Japan defied the Nine-Party Treaty guaranteeing China’s sovereignty, signed in 1922 in Washington, when imperial troops invaded Manchuria in 1931.
Bix compared Japan’s action to current US efforts to scuttle the Treaty of Rome establishing the International Criminal Court, which President George W. Bush argues could unfairly target Americans.
He also said that senior US leaders — not just rank-and-file soldiers — should have been held to account for the killings of 24 civilians in the Iraqi town of Haditha.
“US war criminality is justice institutionalised, as Japan’s once was,” Bix said.
“In today’s America, torture is not only standard battlefield practice in the so-called war on terror.
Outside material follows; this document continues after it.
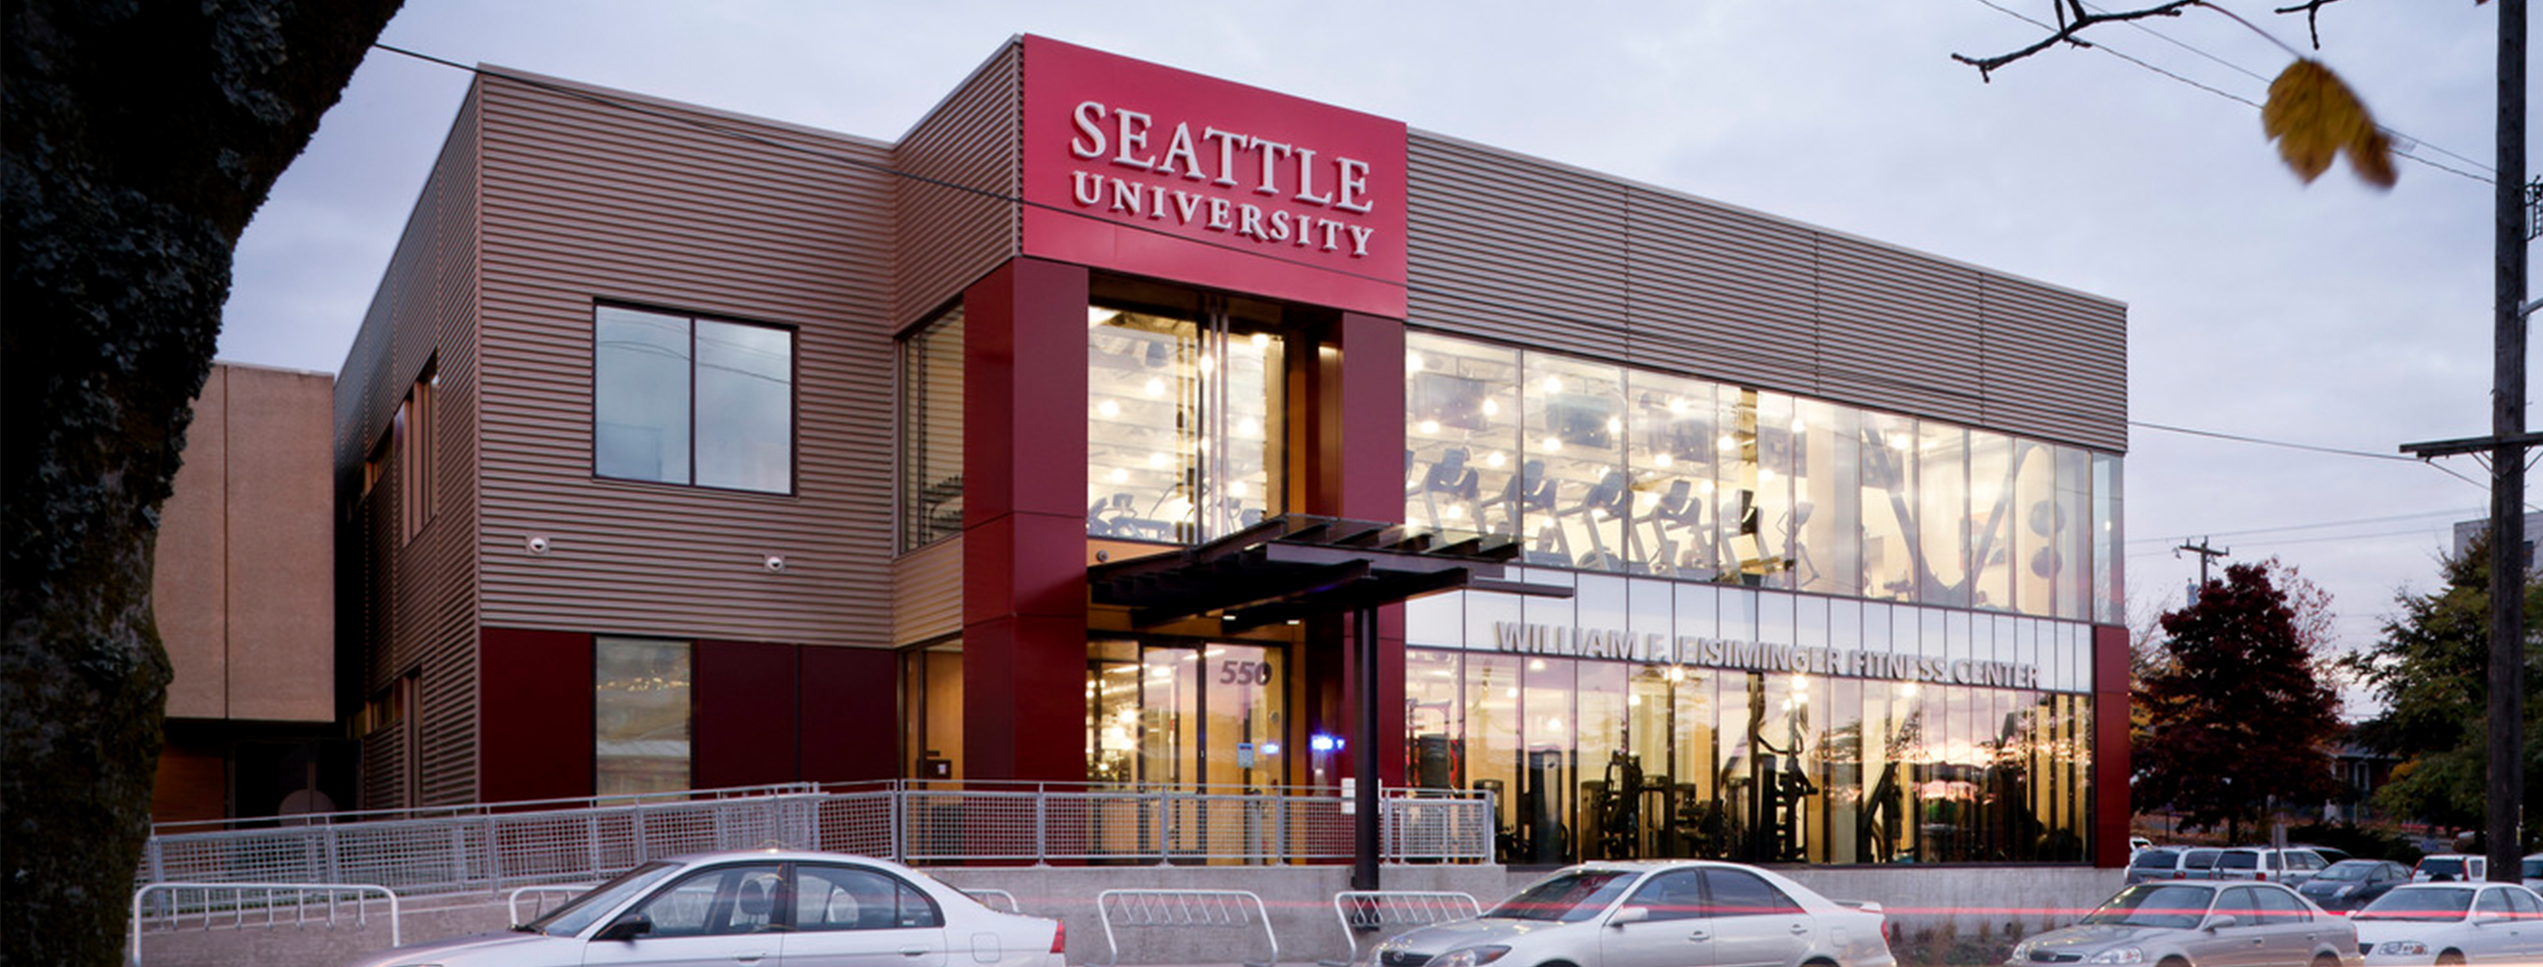 Seattle University William F. Eisiminger Fitness Center

Torture is celebrated in American popular culture as evidenced by the popularity of ’24,’ a TV programme in which the hero confronts a ticking bomb scenario… designed to justify torture.”
But Bix, a professor at Binghamton University in New York state, said he remained optimistic for change as most Americans were opposed to “the Washington consensus.”
Bix is best known for writing “Hirohito and the Making of Modern Japan,” in which he described the emperor as a shrewd architect of the war.
The book remains highly controversial in Japan, where most historians have portrayed Hirohito, who was never prosecuted and stayed on the throne until his death in 1989, as a figurehead detached from war planning.

Posted by: annie | Nov 1 2007 4:49 utc | 5

I agree with the post and your sentiments on the issue; but I would ask an even simpler question.
When will the American public see that controlling other humans around the world through force or other coercion is both immoral and illegal? Our use of torture is easy to see and easy to condemn; but I think economic warfare though sanctions and other means that punish millions of innocents over decades is even more inhuman.
When will the American empire be stopped?